Specifically, the Directive mentions: Constructing the state budget expenditure estimate for 2025 while ensuring compliance with legal regulations, principles, criteria, and allocation norms for development investment capital and regular state budget expenditure approved by authorized agencies; meeting the requirements for budget restructuring in accordance with Resolution No. 07-NQ/TW dated 2016 of the Politburo, in conjunction with promoting the reorganization of the apparatus, streamlining the workforce, and streamlining public service delivery units; The budget for the new salary regime, adjustment of retirement pensions, social insurance benefits, preferential treatment for revolutionary contributors, and social allowances from July 1, 2024.

Ensure resources to continue implementing salary and social insurance policies in accordance with Resolutions No. 27-NQ/TW and No. 28-NQ/TW of the 7th Plenum of the 12th Central Committee and Resolution No. 104/2023/QH15 of the 15th National Assembly.
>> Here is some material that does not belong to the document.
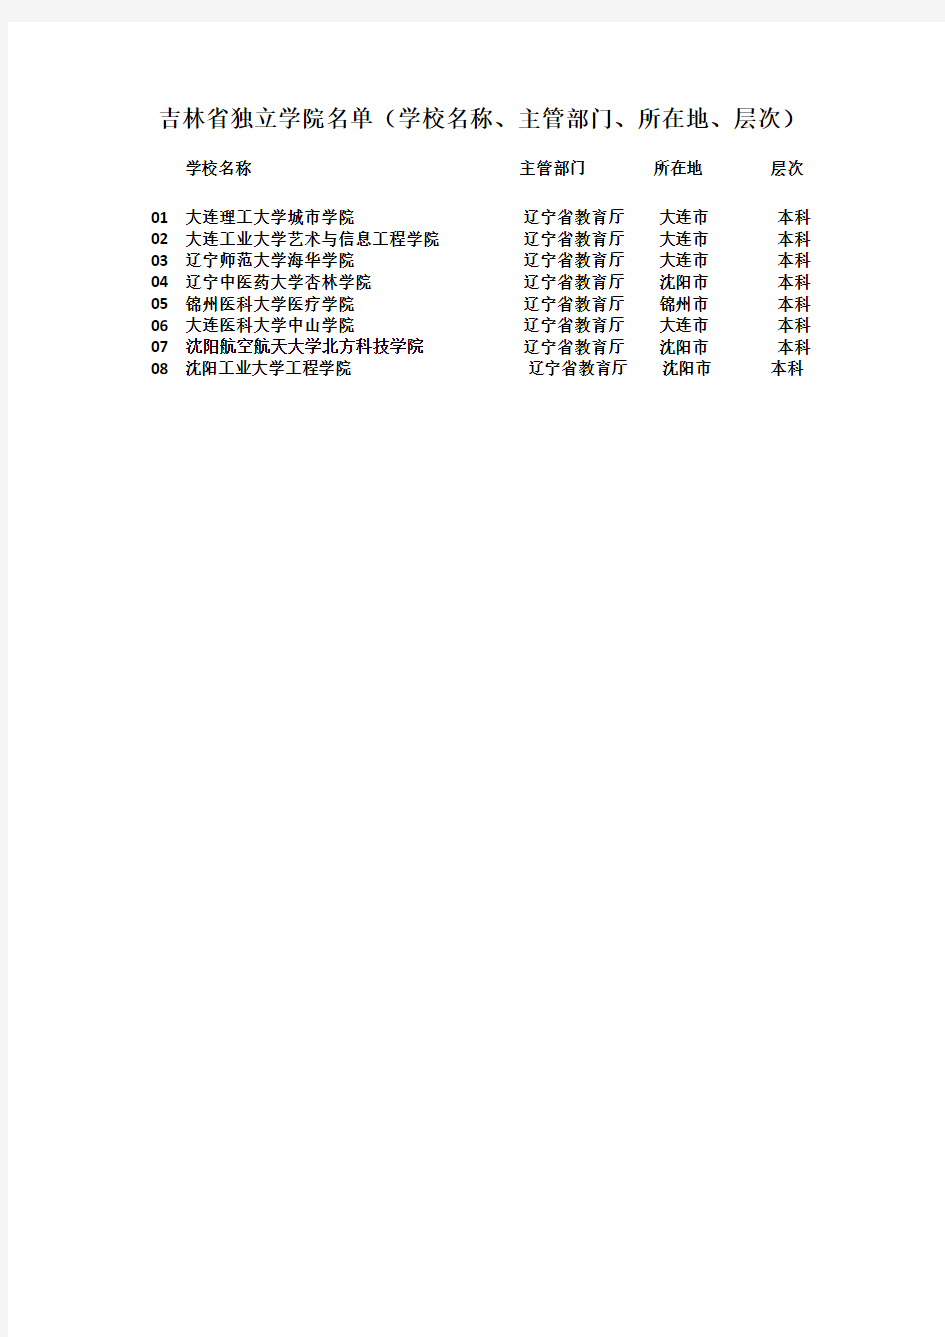 吉林省独立学院名单(学校名称、主管部门、所在地、层次)

Implement the principles of openness and transparency and the requirements for thrift and waste combat in accordance with Resolution No. 74/2022/QH15 right from the stage of task determination, ensuring uniformity in implementing tasks from budget estimation to allocation, management, and use of the state budget; constructing estimates that are close to the actual implementation and allocating them before December 31, while minimizing the cancellation of estimates and the transfer of funds to the following year. Proactively review overlapping policies and tasks, arranging the order of priority for expenditures in terms of urgency, importance, and feasibility of implementation in 2025. Only submit new policies, schemes, and tasks to competent authorities for approval when they are truly necessary and have secured funding; fully foreseeing the financial requirements for implementing new policies, regimes, and tasks that have been decided by competent authorities; not allocating budget estimates for policies that have not been issued. Effectively utilize revenues from equitization and state capital withdrawal from enterprises in accordance with legal regulations.
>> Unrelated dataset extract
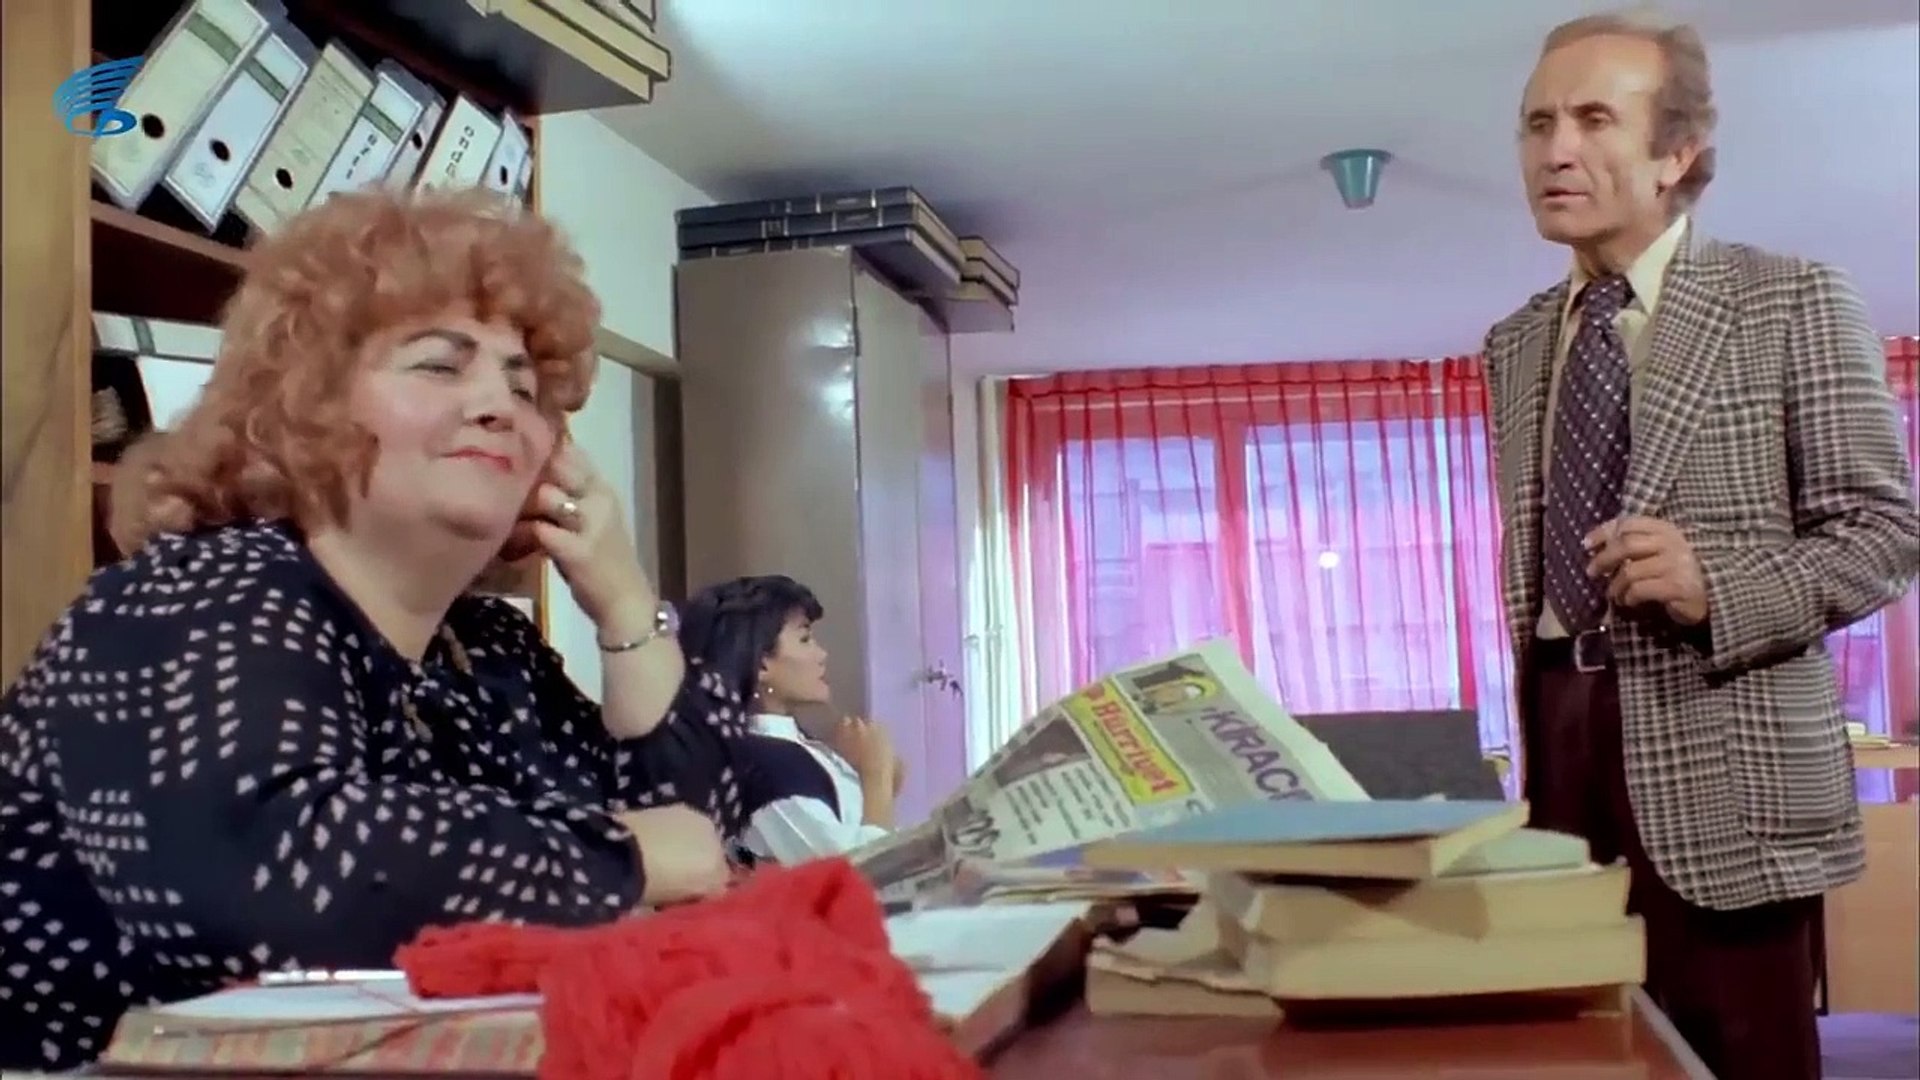 Korkusuz Korkak (1979) - Kemal Sunal - Dailymotion Video

Additionally, innovate the management mechanism, financial mechanism, and organization of the system of public service delivery units, constructing budget estimates for public service delivery units based on the orientation stated in Resolution No. 19-NQ/TW dated 2017 by the 6th Plenum of the 12th Central Committee and legal documents, guiding documents on financial autonomy of public service delivery units. Public service delivery units that partially self-finance their regular expenditures under the management of ministries and central agencies continue to construct state budget expenditure estimates for 2025 with a minimum reduction of 3% in direct support from the state budget compared to the 2024 estimates, reducing the number of public employees on the state payroll in accordance with Resolution No. 19-NQ/TW; public service delivery units whose regular expenditures are fully covered by the state budget under the management of ministries and central agencies reduce direct expenditure from the state budget by at least 2% compared to the 2024 estimates, excluding essential public services that are guaranteed by the state budget.
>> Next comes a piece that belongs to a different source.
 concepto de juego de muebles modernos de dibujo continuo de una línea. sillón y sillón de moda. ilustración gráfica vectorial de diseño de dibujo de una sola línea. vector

For agencies and units applying a special financial mechanism: From the 2025 budget year, administrative management agencies and units will no longer be eligible for the special financial mechanism regarding salaries, allowances, income, and regular expenses. These units shall formulate revenue and expenditure estimates for 2025 based on the decisions of competent authorities on the financial mechanism applied from July 1, 2024, onwards and for the year 2025, in accordance with Resolution No. 104/2023/QH15 of the National Assembly on the state budget estimate for 2024.

The Directive also states that ministries and central agencies shall base themselves on the salary, retirement pension, and allowance regimes for revolutionary contributors, as well as social security policies decided by competent authorities to be implemented in 2024, to review and formulate estimates for 2025, detailing the salary fund, contribution amounts, and policies and regimes of spending on people, along with specific increases and decreases; achieved results, and existing limitations (if any).